■ DATA SECTION:
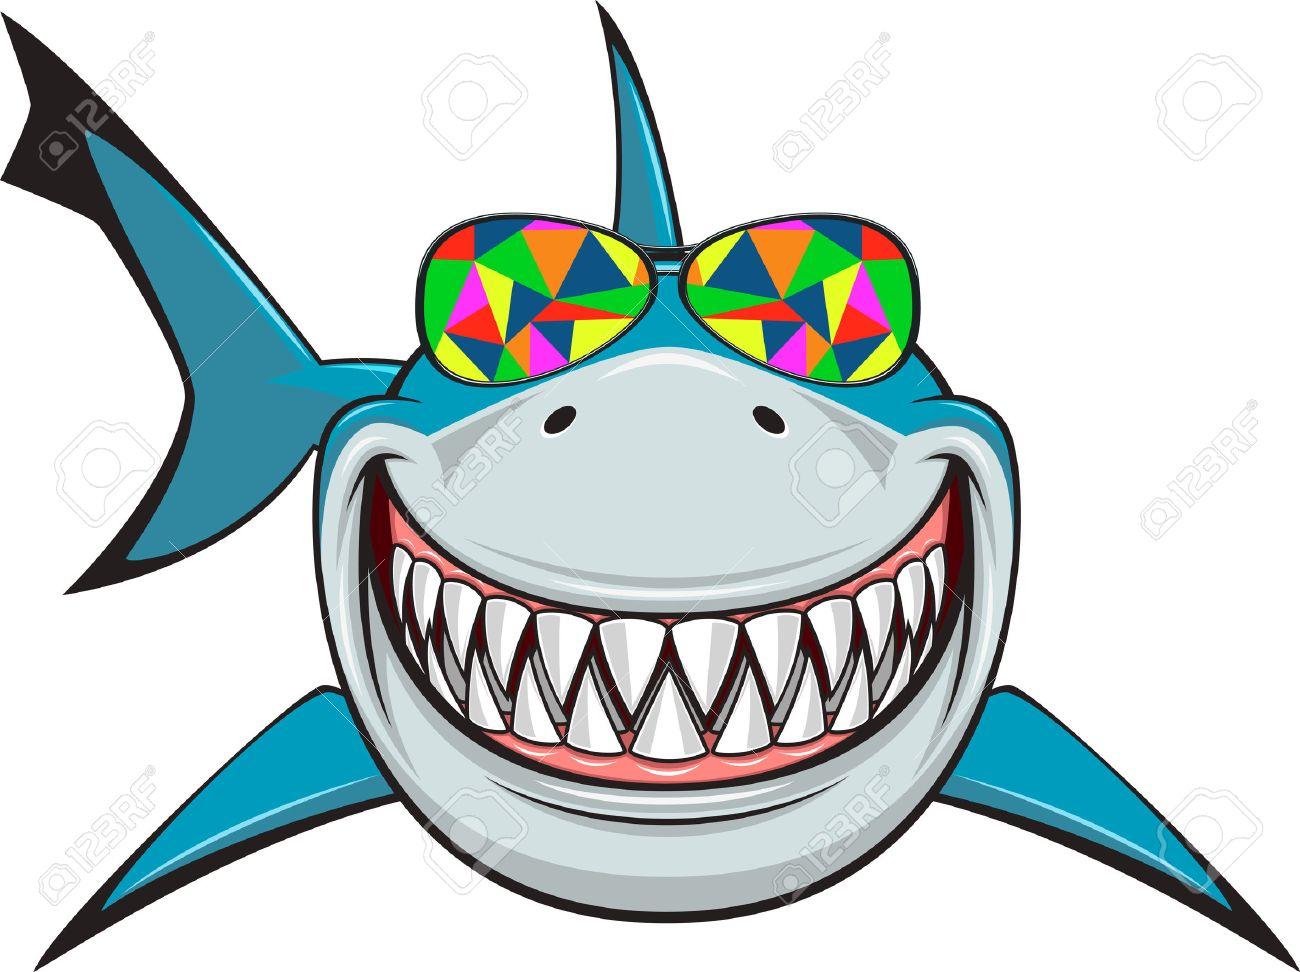 4 022 shark teeth stock illustrations cliparts and royalty free rh 123rf com shark clipart for kids shark clipart png
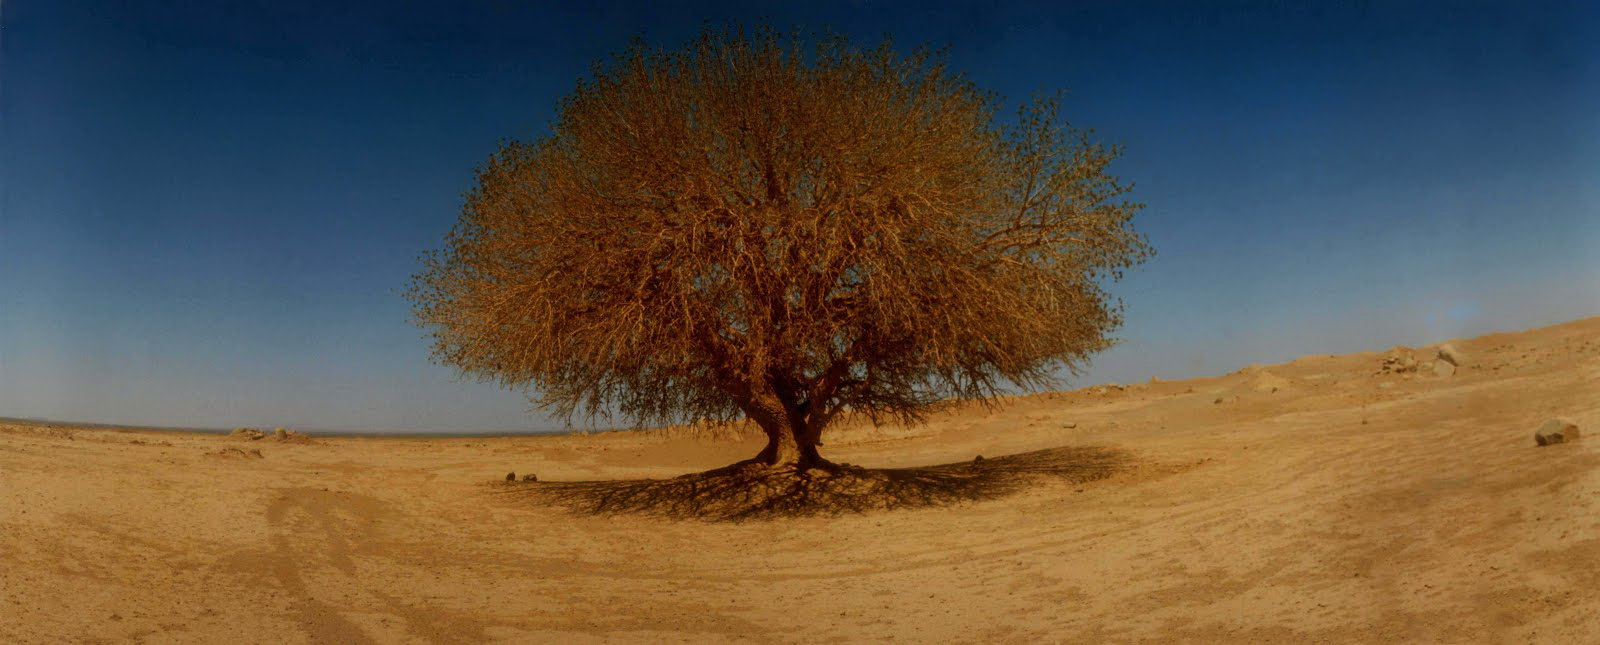 Prophet's tree copy
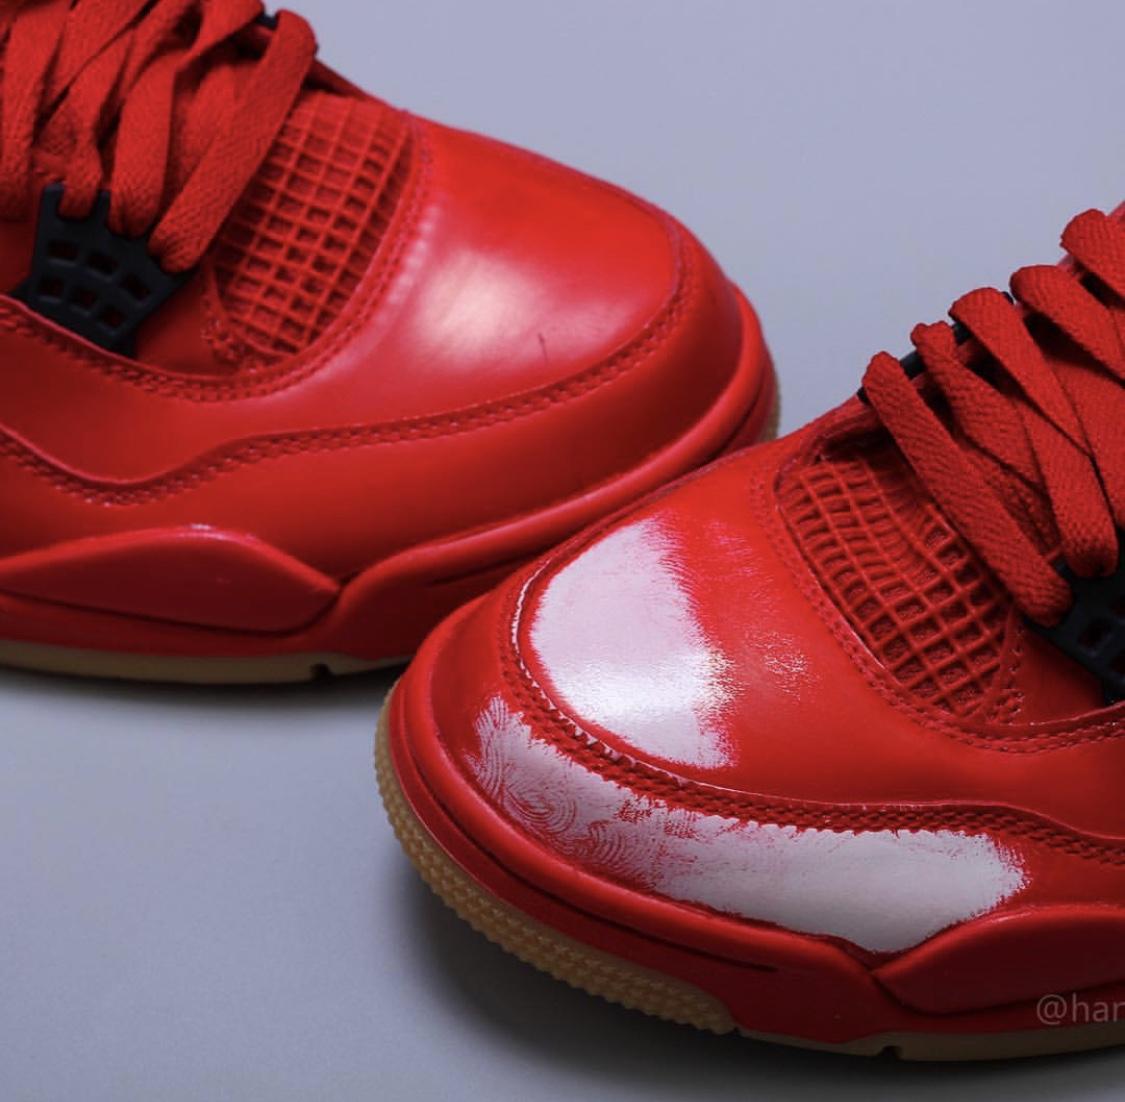 all red 4s gum bottom \u003e Up to 64% OFF
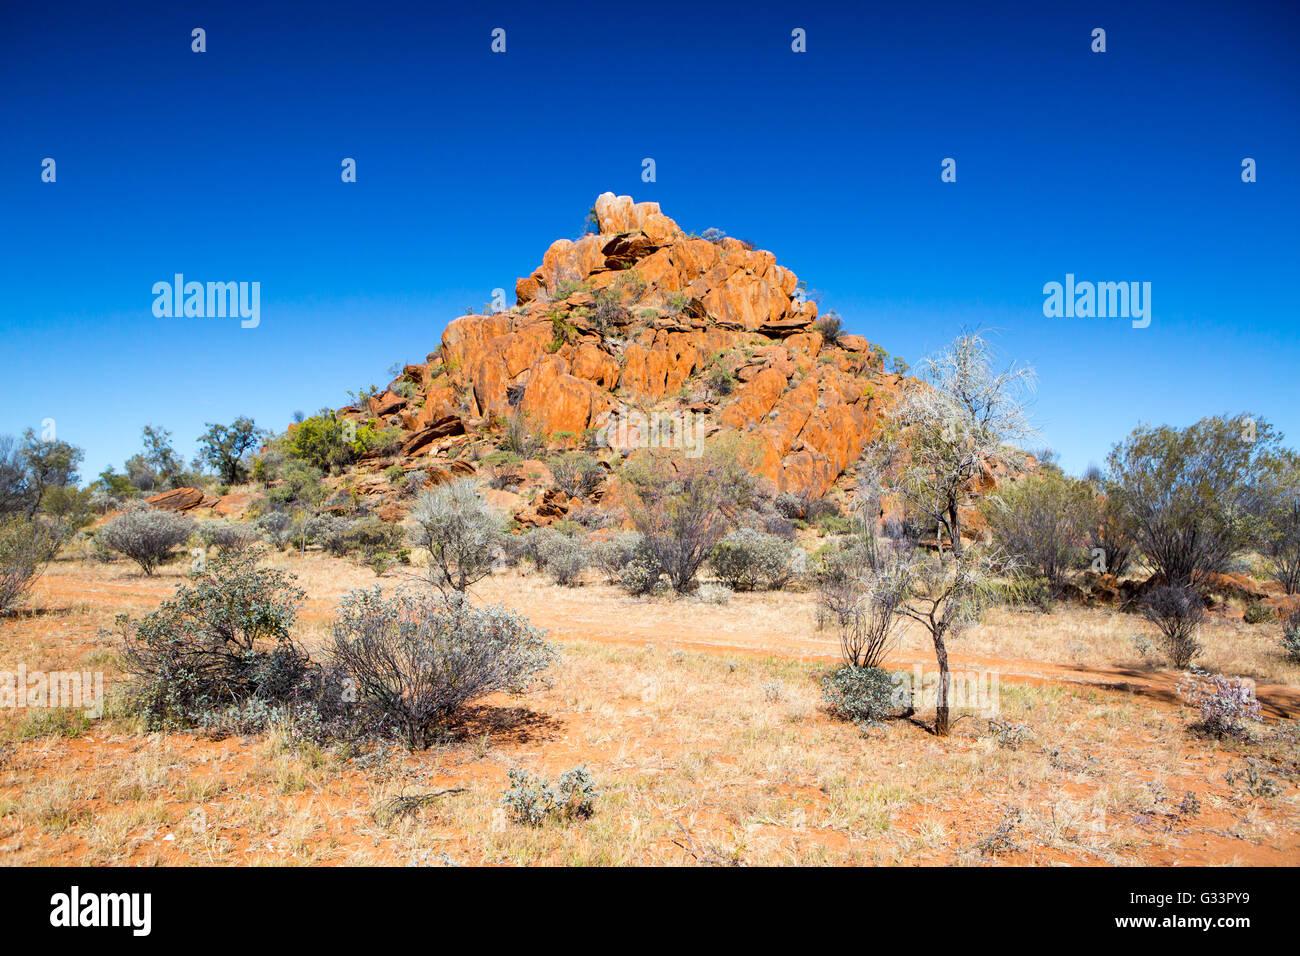 Gem fields near Gemtree in the Northern Territory, Australia - Stock Image

■ EXERCISE BRIEF: Please set down the data above exactly as given, leaving every picture out.

■ TASK RESPONSE:
 4 022 shark teeth stock illustrations cliparts and royalty free rh 123rf com shark clipart for kids shark clipart png
 Prophet's tree copy
 all red 4s gum bottom \u003e Up to 64% OFF
 Gem fields near Gemtree in the Northern Territory, Australia - Stock Image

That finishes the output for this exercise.